There are many things I have personally noted about the lack of "science" in our scientific research, but will just point to the experts:

Please consider this info and see if you still have the same concerns.

Based on the meager results page of a Google search, it seems that not too many people know of Dr. John Ioannidis? He wrote a landmark paper in 2005:

Why Most Published Research Findings Are False.

This is a patient friendlier read in The Atlantic Monthly: Lies, Damned Lies, and Medical Science

Even his critics at Johns Hopkins contend that he is basically correct.

I think that PD research fails on many of his points. I don't mean any disrespect for researchers; they are caught up in a "system" just as much as we are. However, I don't think we can sit back and say they have absolute authority on asking questions, seeking answers, and sharing information. What John and Rick are proposing is not nearly as harmful as an unproven hypothesis becoming the core of research for over 50 years. Maybe this is a factor in why we have no cure?

I will say maybe for legal reasons we need to rethink the rat lab as a source for a group name. 23andme is calling those in PD cohort "Citizen Scientist" what if we took on name "Patient Scientist" or "Impatient Patient" tee hee

Laura

laura,
drug companies might purposely design trials that make their new drug look better than an existing mediocre drug but that it totally different than a poorly designed trial that as a result doesn't actually test your hypothesis.

that said, there sure have been a lot of failed pd trials and drug trials in general that have cost billions and billions of dollars.

as far as finger tapping, i'd say if you want to test that as a measurement, measure your tapping before your first morning meds and at 15min increments after 1st meds up to 1.5 hrs for 5 days and see if there is much of a difference.
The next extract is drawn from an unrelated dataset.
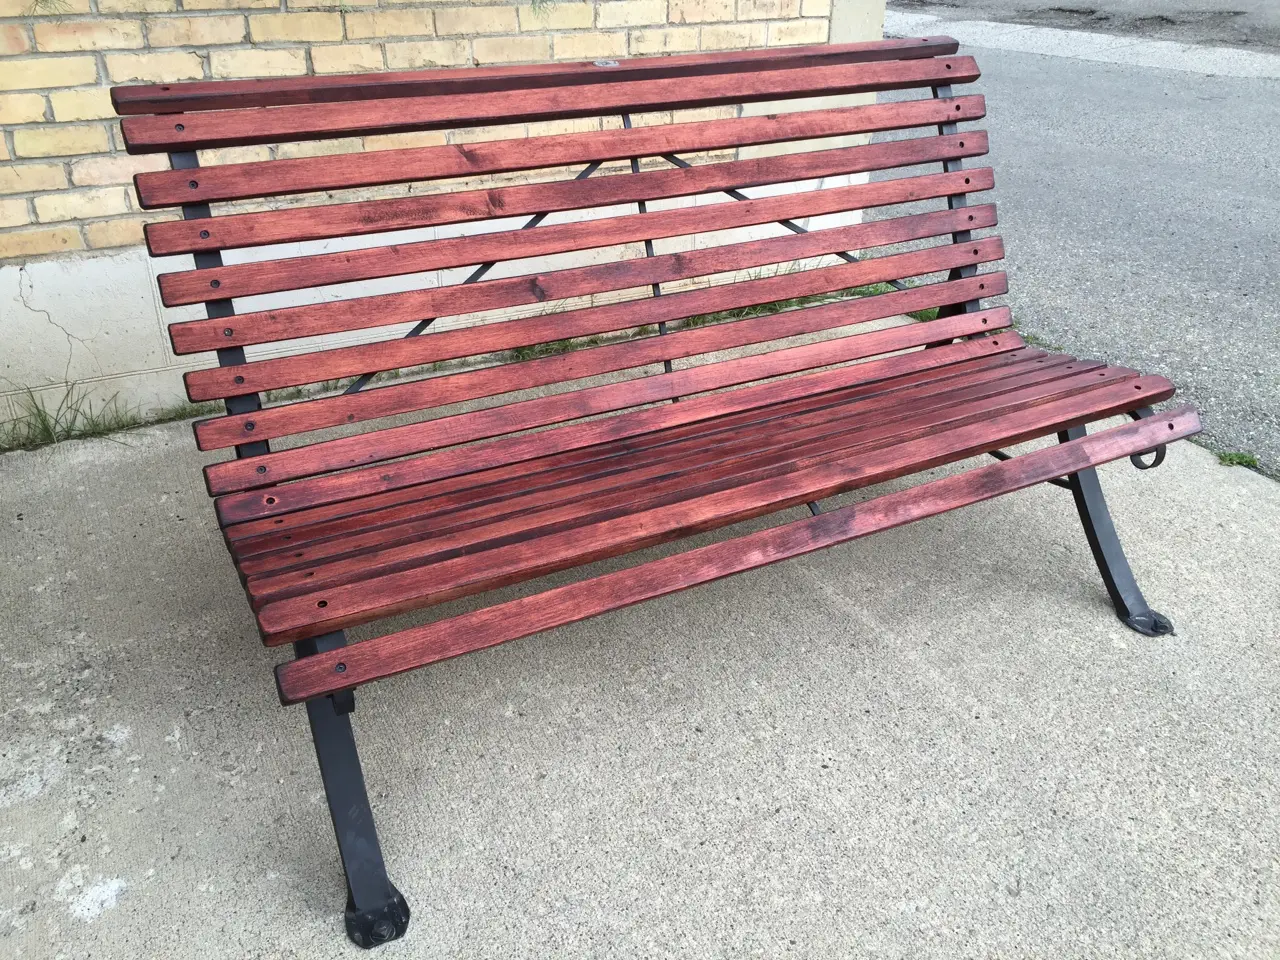 A wooden bench sitting on the side of a road.
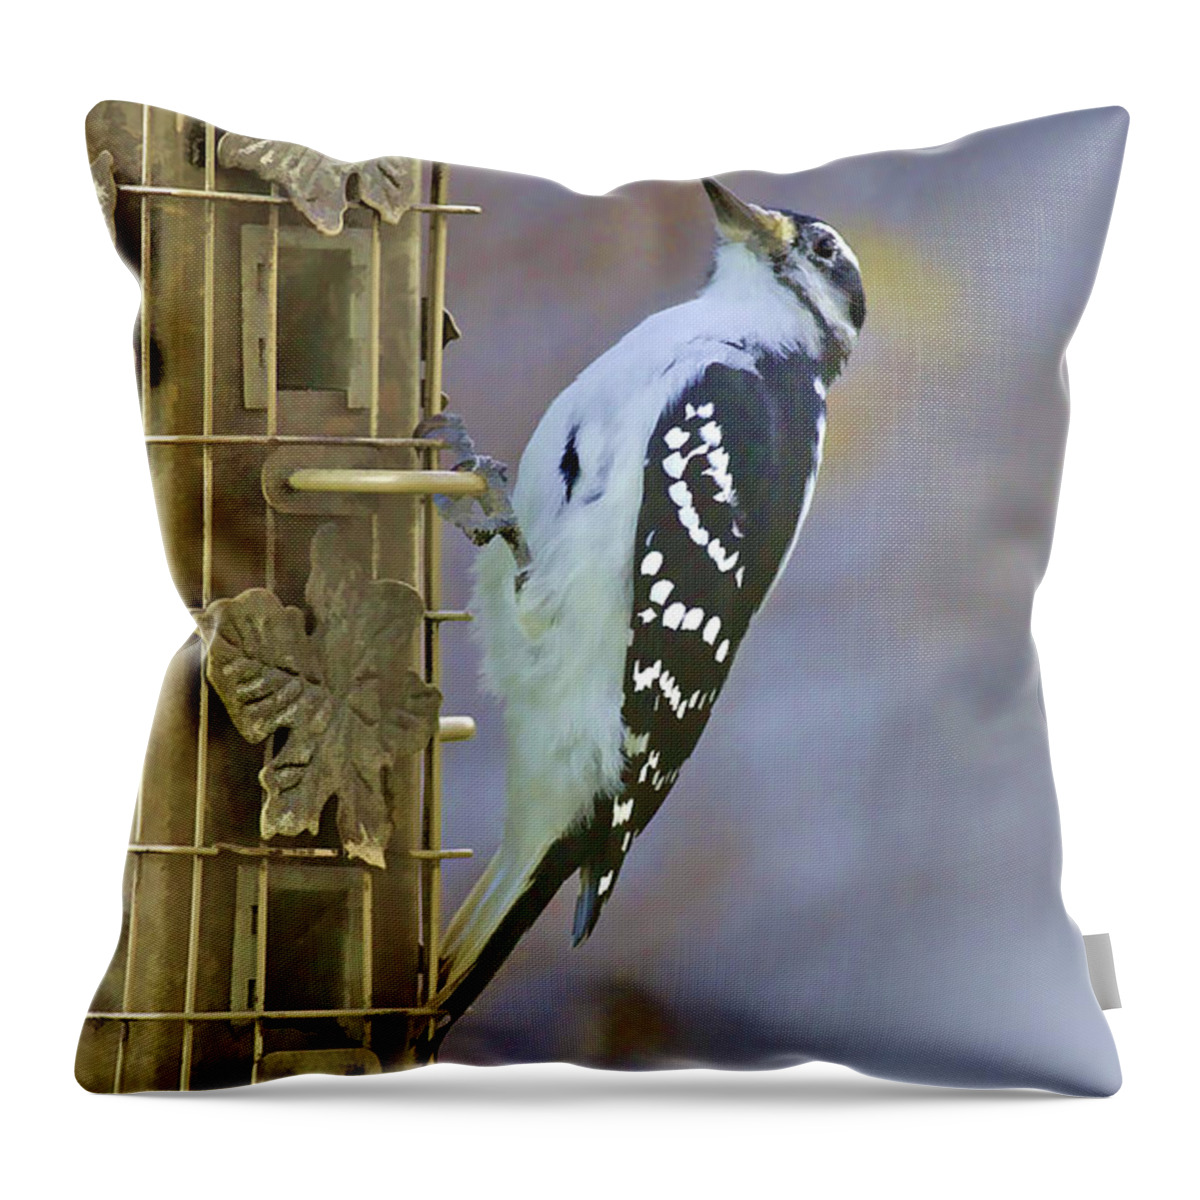 Wildlife Throw Pillow featuring the photograph Let Me Pose For You by Deborah Benoit

I think any trial, patient-designed or other, is fatally compromised before it starts because we still don't know what Parkinson's is. Any trial cohort is diluted with people who don't have PD, or have different manifestations of PD.

Until we get some identifiable biomarkers, all else is speculation - influenced by the too-hard-to-control placebo effect (especially by those who are testing their own reaction to pills taken with orange juice).

If we have learned anything from taking sinemet for so many years, it is that symptom control has little to do with halting progression or curing the disease.

A fix for Parkinson's lies beneath the surface; taping before and after downing our pills with OJ will tell us only what we want, or don't want, to believe.